◆ DATA BLOCK
******
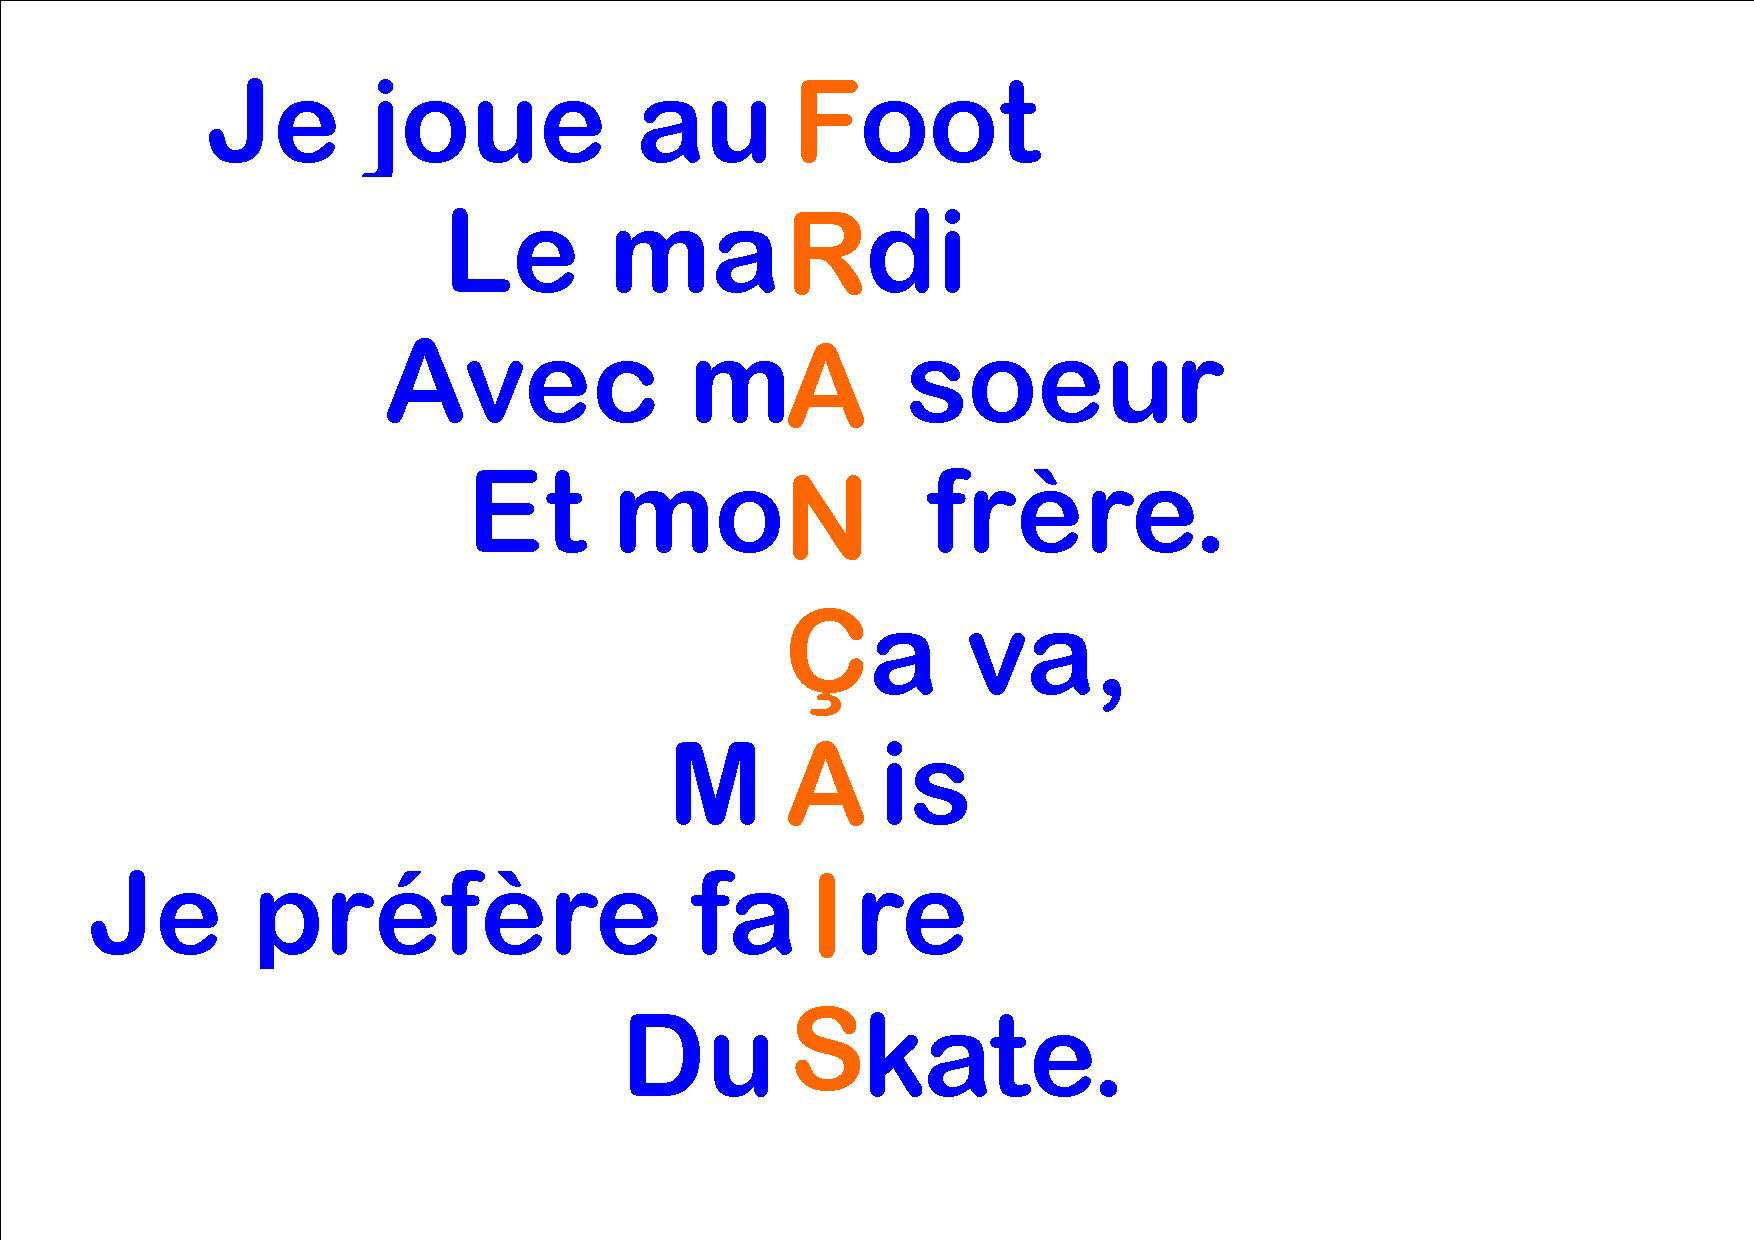 French KS3 Texts
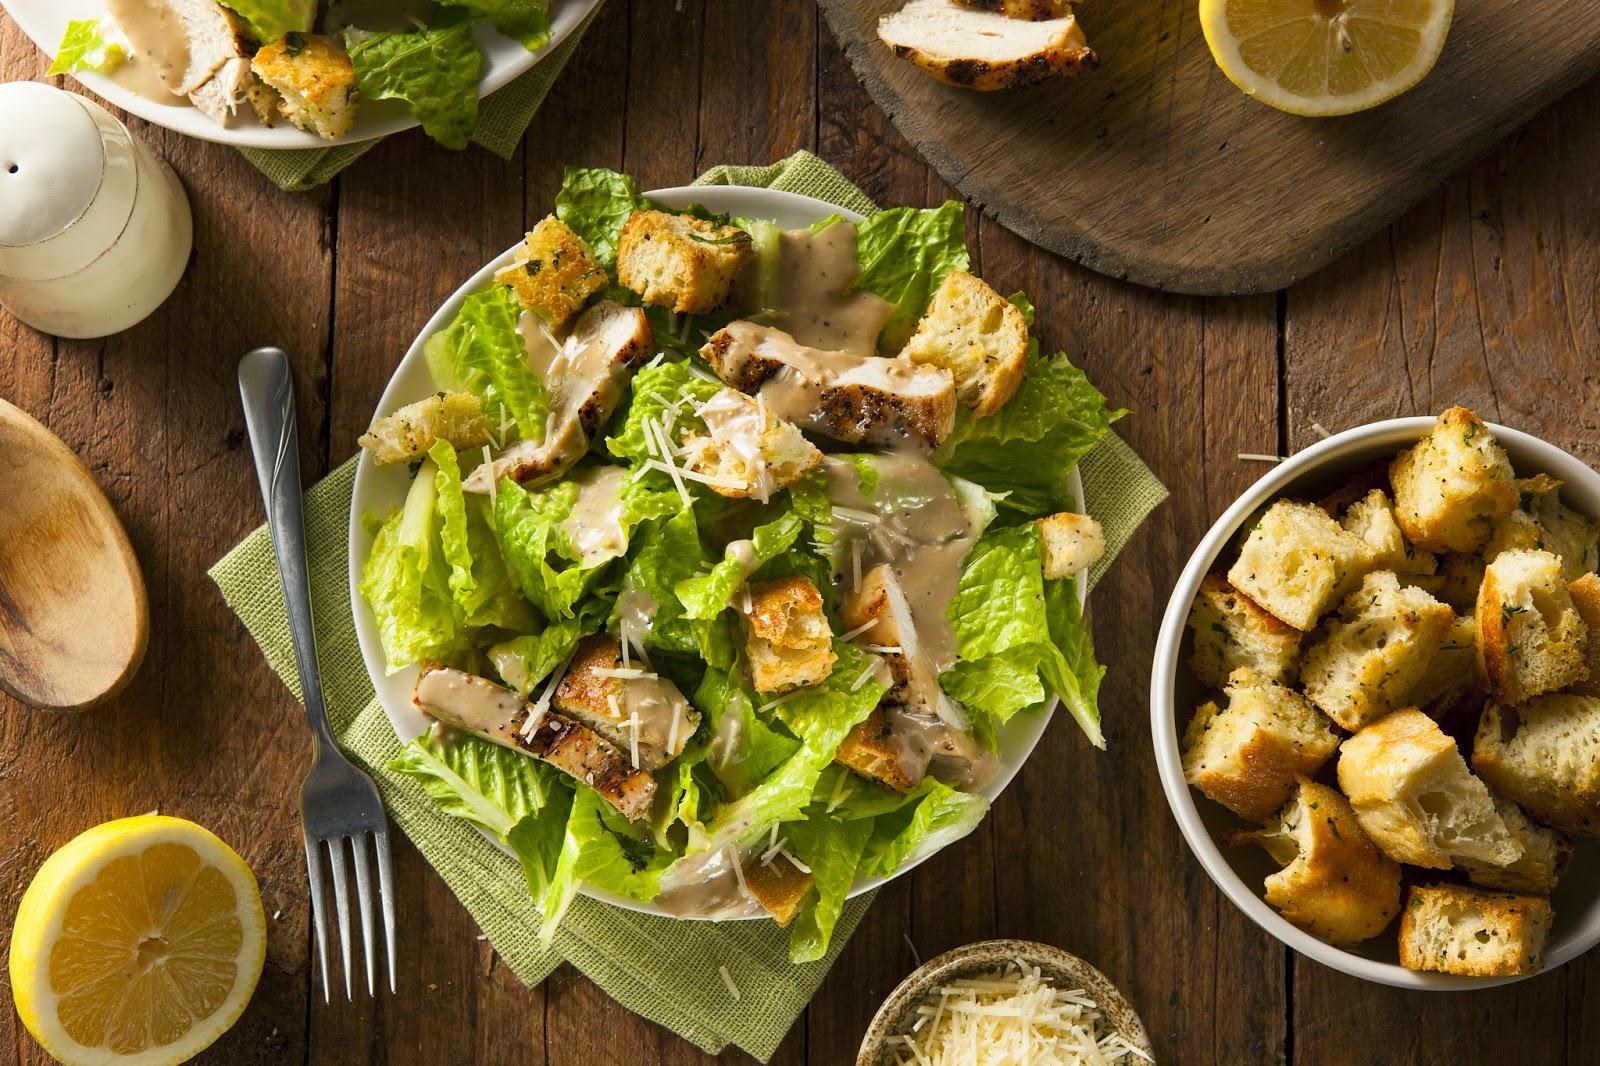 Gezonde Caesar salade met hennepzaad, hennepzaadolie en zelfgemaakte croutons                    Hennepzaad & Hennepzaadolie
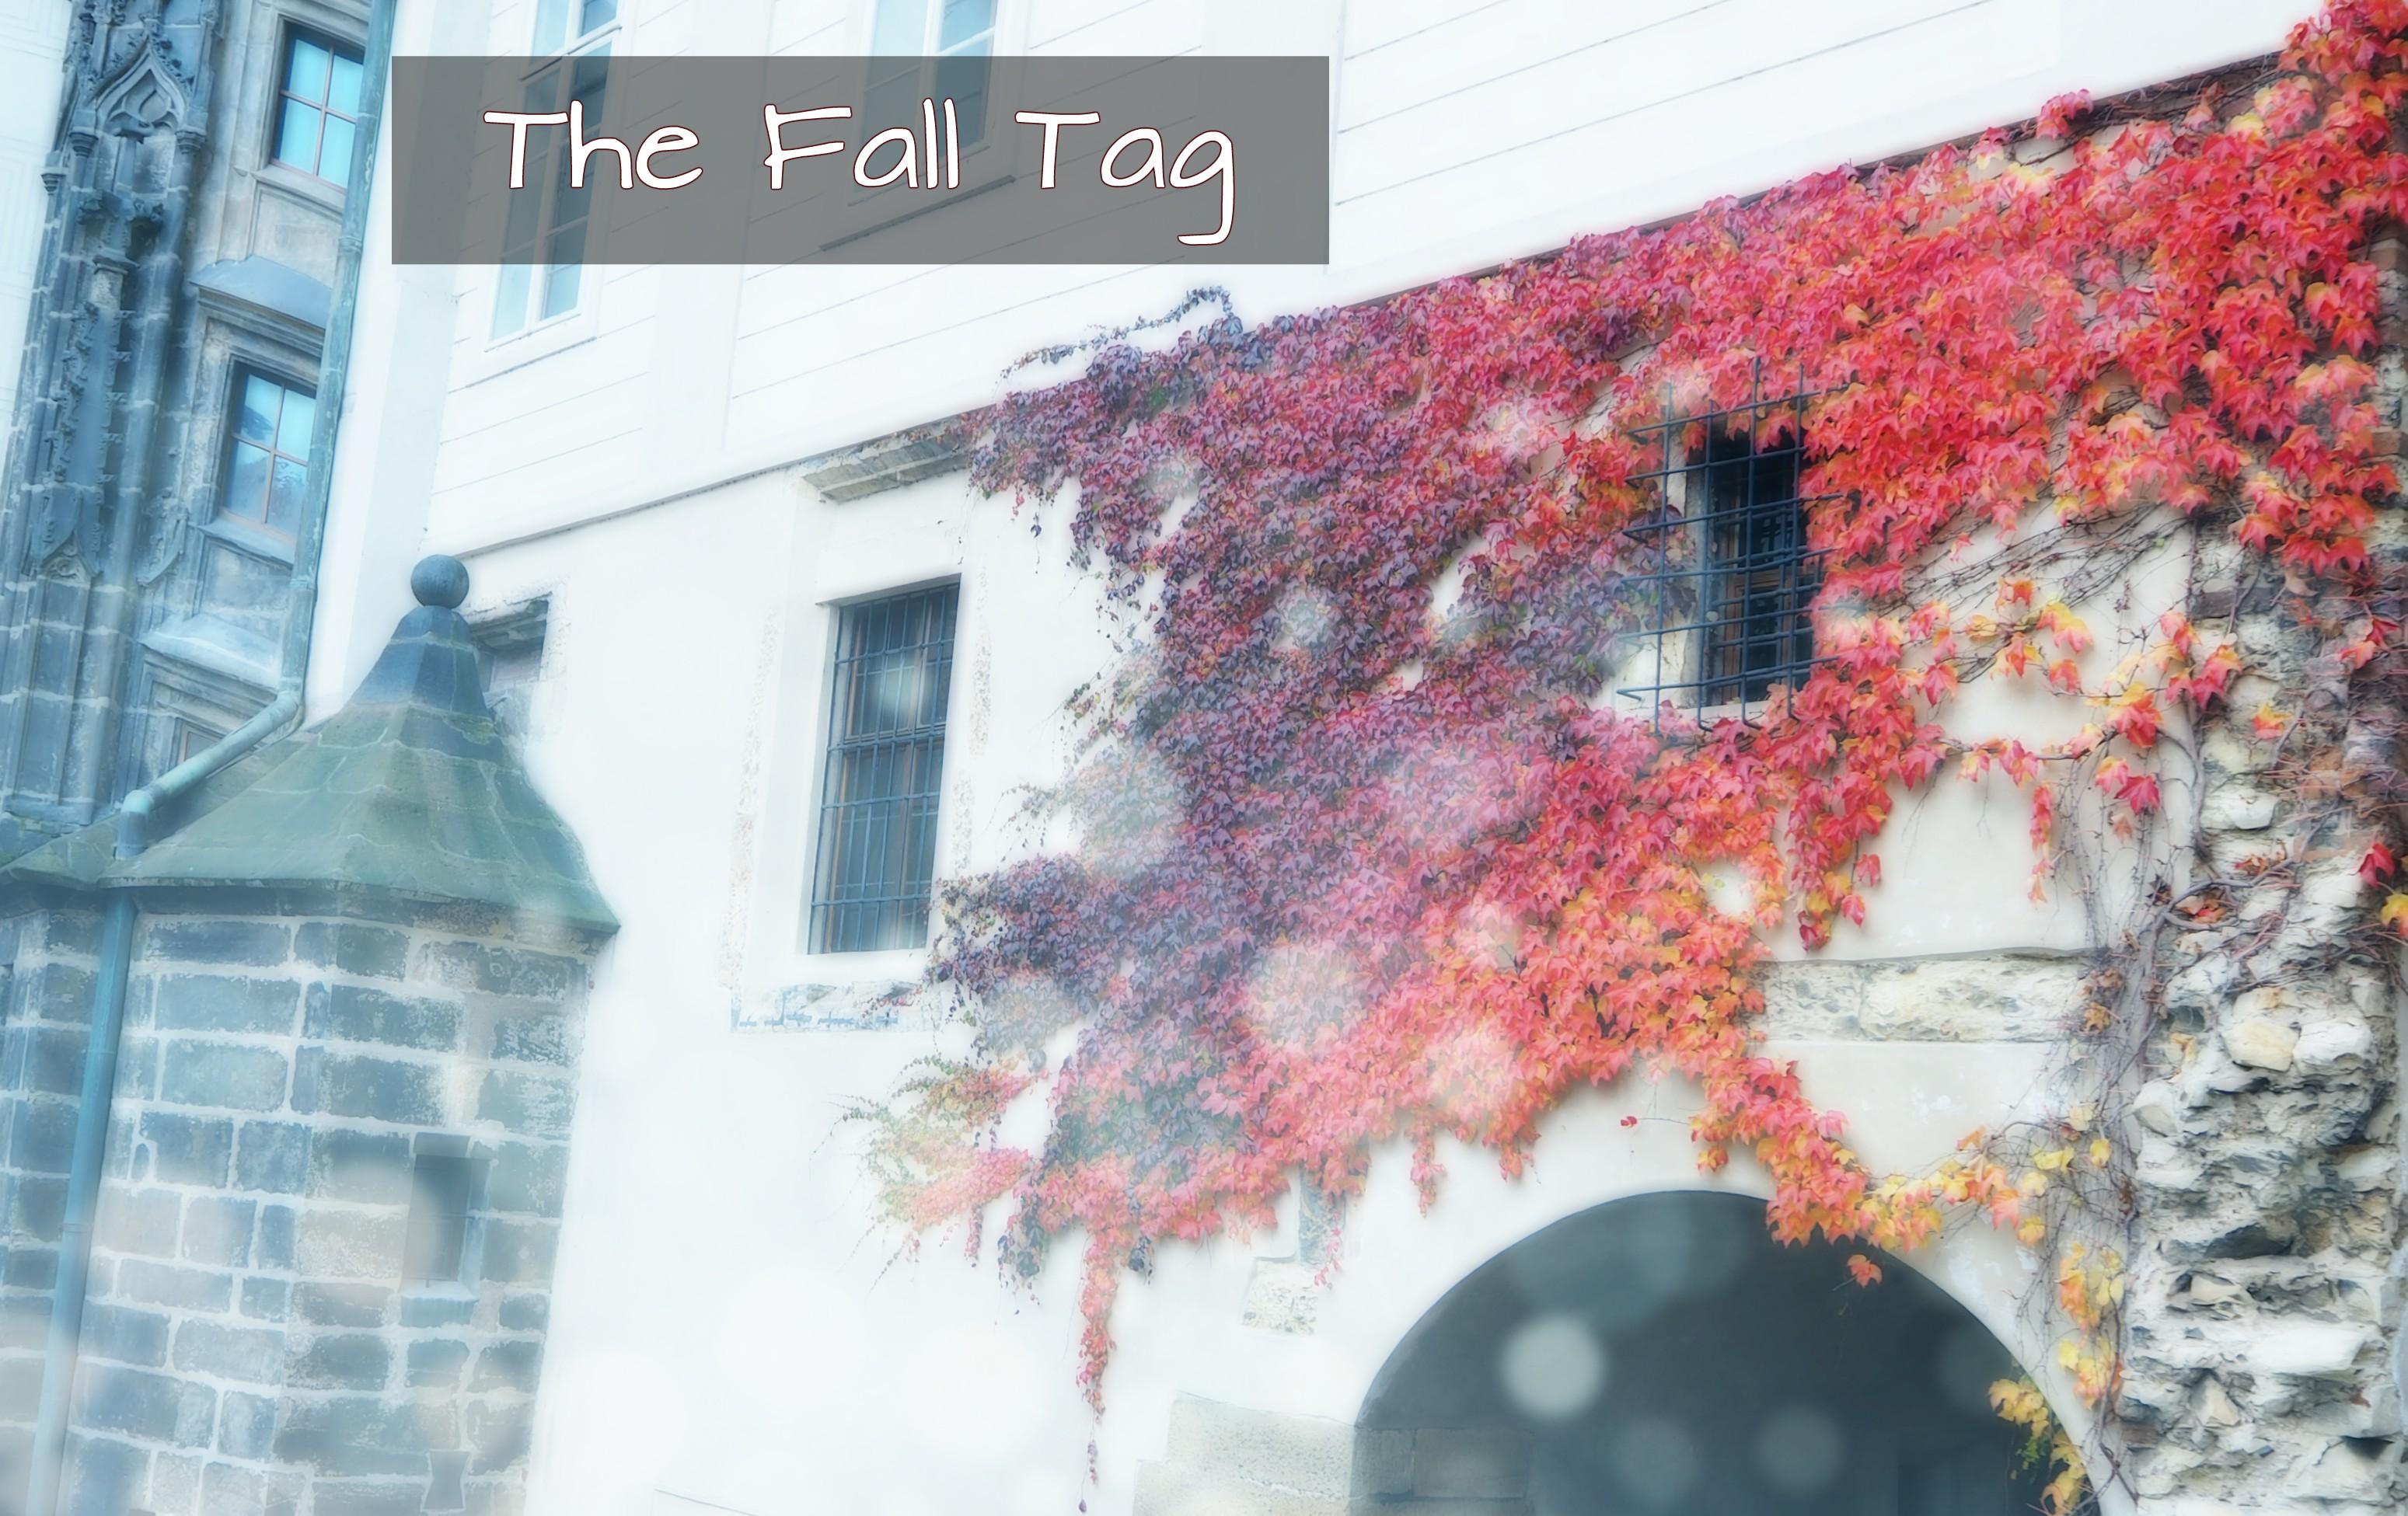 fall tag
******
◆ GOAL OF THE EXERCISE
Print the material above once more, exactly, minus the pictures.

◆ RESPONSE AREA
 French KS3 Texts
 Gezonde Caesar salade met hennepzaad, hennepzaadolie en zelfgemaakte croutons                    Hennepzaad & Hennepzaadolie
 fall tag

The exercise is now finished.